Он попытался сесть и посмотреть ей в глаза, но она уложила его обратно, мягко надавив на плечи.
– Просто выслушайте меня.
Убедившись, что Леоф больше не протестует, леди Грэмми продолжала:
– Эслен в осаде. Во главе нападающих стоит Энни, дочь Мюриель, – во всяком случае, насколько мне удалось выяснить, это она. Мне неизвестно, каковы их шансы разгромить Роберта. Довольно скоро ему на помощь придут церковь и Ханза, но если вмешается Лир, война может затянуться.
Теперь обе ее руки занялись его правым плечом и рукой, уверенно разминая сухожилия. Леоф застонал, когда пальцы свело судорогой – раньше ему казалось, что они окончательно потеряли чувствительность. Его глаза наполнились слезами от смеси боли и удовольствия.
– Я воспользовалась тем, что Роберт очень занят. У меня есть друзья в этом замке, и я рассчитываю воспользоваться их помощью, чтобы вытащить отсюда вас, Мери и девушку из лендвердов, а потом переправить в безопасное место.
– Ну, на это едва ли можно надеяться, – возразил Леоф. – Но если бы удалось спасти Мери и Ареану…
– Не имеет значения, – перебила его леди Грэмми. – Если мне удастся вызволить их, то я сумею освободить и вас. Но это благородная мысль. Однако я хотела просить вас об одной услуге.
«Конечно», – подумал Леоф.
– О чем же, миледи?
– Мюриель благоволит к вам. Она готова вас слушать. Я признаю, что прежде рассчитывала посадить на трон своего сына – ведь он, в конце концов, сын Уильяма, – но теперь я мечтаю только о защите для моих детей. Если Энни одержит победу и Мюриель вновь станет королевой-матерью, я прошу вас рассказать ей, как я вам помогла. И ничего больше.
– Я обязательно сделаю это, – подтвердил Леоф.

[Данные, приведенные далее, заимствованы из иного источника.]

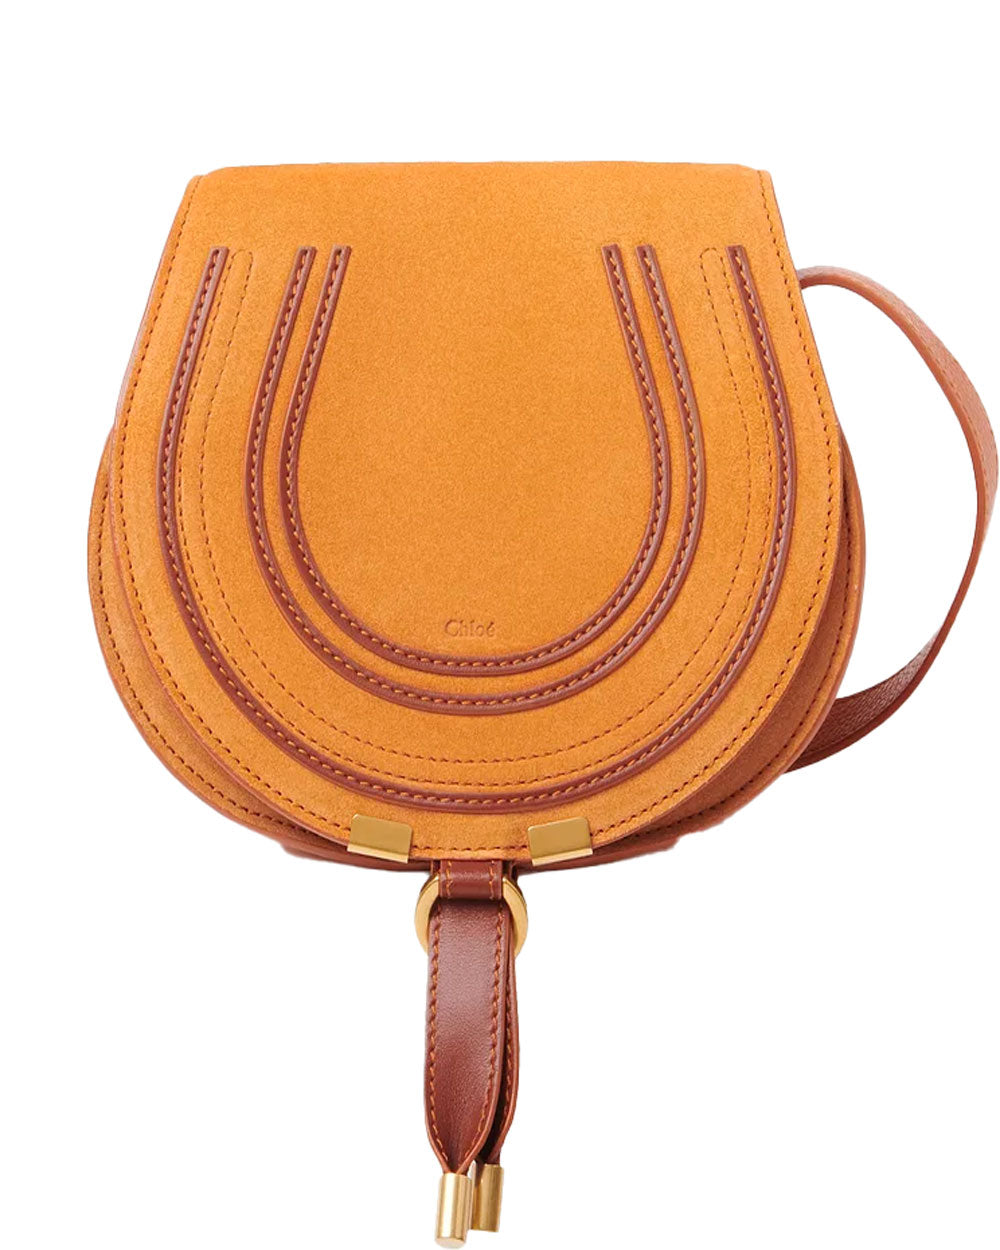 Marcie Mini Saddle Bag in Henna Orange

Теперь леди Грэмми массировала его только одной рукой, и Леоф успел задаться вопросом, что она делает другой, когда она прижалась к нему, и он ощутил что-то теплое на своей спине, от чего все его тело вплоть до пальцев ног задрожало. Нелепый стон слетел с его губ. Свободной рукой она расстегнула корсаж, чтобы прижаться к нему обнаженной грудью. Какой же корсаж можно расстегнуть одной рукой? Есть ли такой у каждой женщины или куртизанки носят особые платья?

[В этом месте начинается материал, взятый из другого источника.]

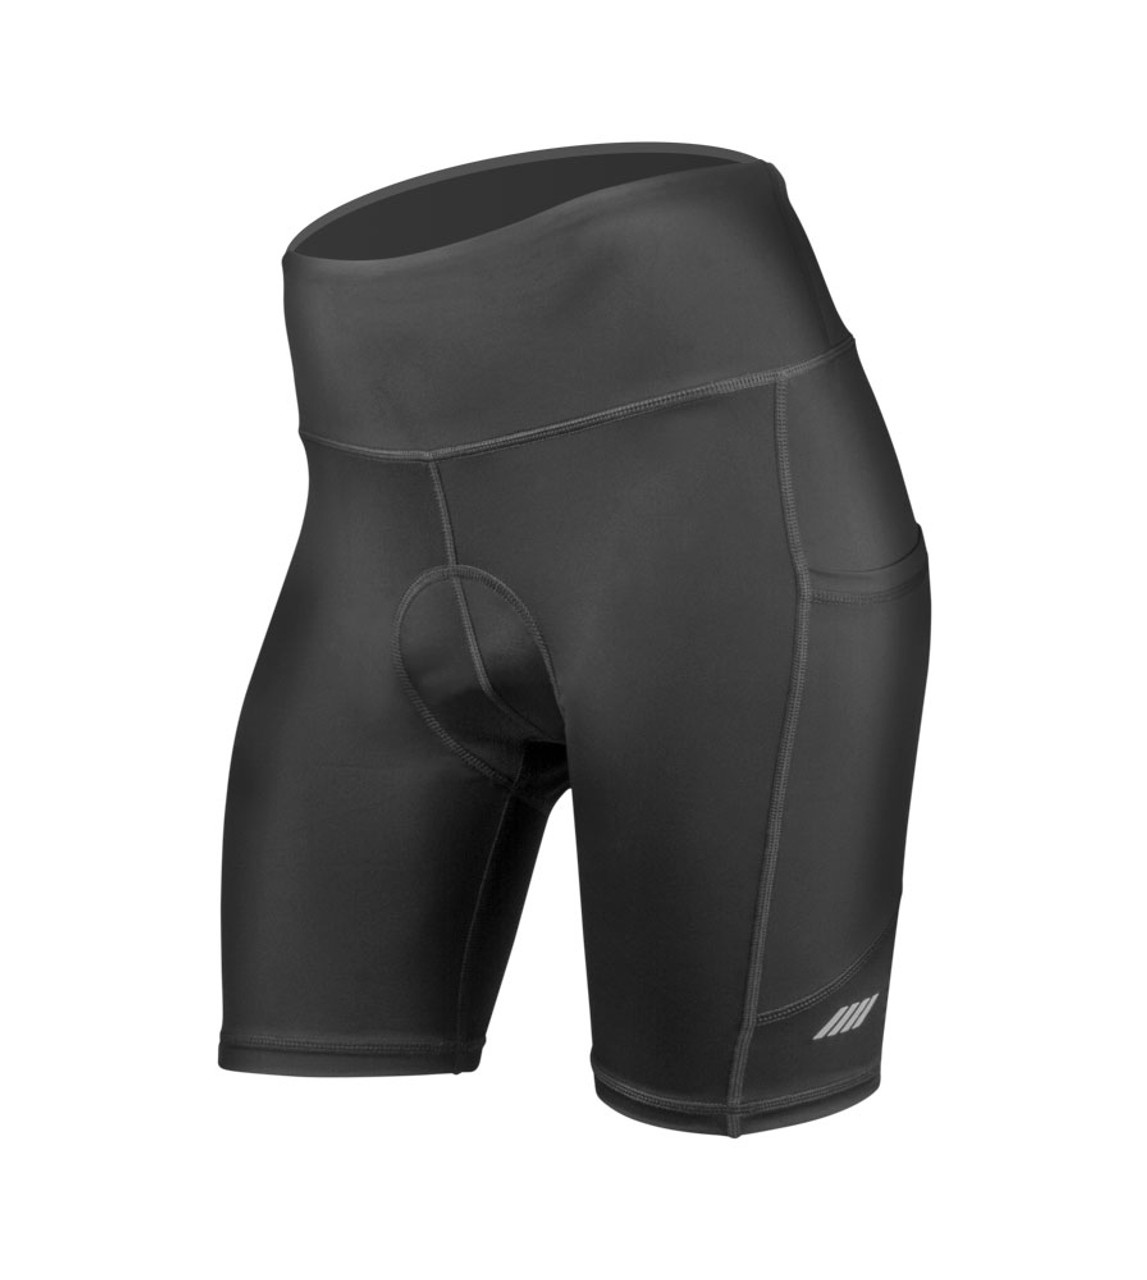 soft cycling shorts

А потом она оседлала Леофа и принялась целовать его спину, спускаясь вниз вместе с одеялом, и все его тело мгновенно проснулось, охваченное огнем. Он не мог это принять; Леоф отчаянно извернулся, и она оказалась недостаточно тяжелой и сильной, чтобы ему помешать.
– Леди!.. – выдохнул он, пытаясь отвести взгляд в сторону.
Леди Грэмми все еще оставалась в платье, но оно все собралось на талии, так что Леоф смог увидеть над чулками кожу ее бедер цвета слоновой кости. И конечно, груди цвета лилий и роз…
– Тише, – сказала она. – Это часть лечения.
Он поднял руки.
– Посмотрите на меня, леди Грэмми, – взмолился он. – Я калека.
– Пожалуй, учитывая обстоятельства, вы можете называть меня Амбрия, – ответила она. – И вы вполне пригодны действовать в тех областях, которые меня интересуют. – Она наклонилась и поцеловала его, уверенно и умело. – Это не любовь, Леовигилд, и не благотворительность. Это нечто среднее – дар за то, что вы сделали для Мери, если хотите. И отказ его принять с вашей стороны окажется немилосердным.
Она вновь поцеловала Леофа, в подбородок и шею. Потом быстро встала, после краткой заминки платье куда-то исчезло, и обнаженное тело прижалось к композитору. Он больше не мог возражать. Леоф старался быть деятельным, показать себя мужчиной, но она мягко не позволяла ему делать ничего, кроме как ощущать ее.
Все происходило медленно, почти беззвучно – и чудесно. Амбрия Грэмми не была первой женщиной Леофа, но ему в жизни не доводилось испытывать ничего подобного, и он вдруг понял то, о чем раньше даже не догадывался. То, что он творил музыкой, она делала своим телом!..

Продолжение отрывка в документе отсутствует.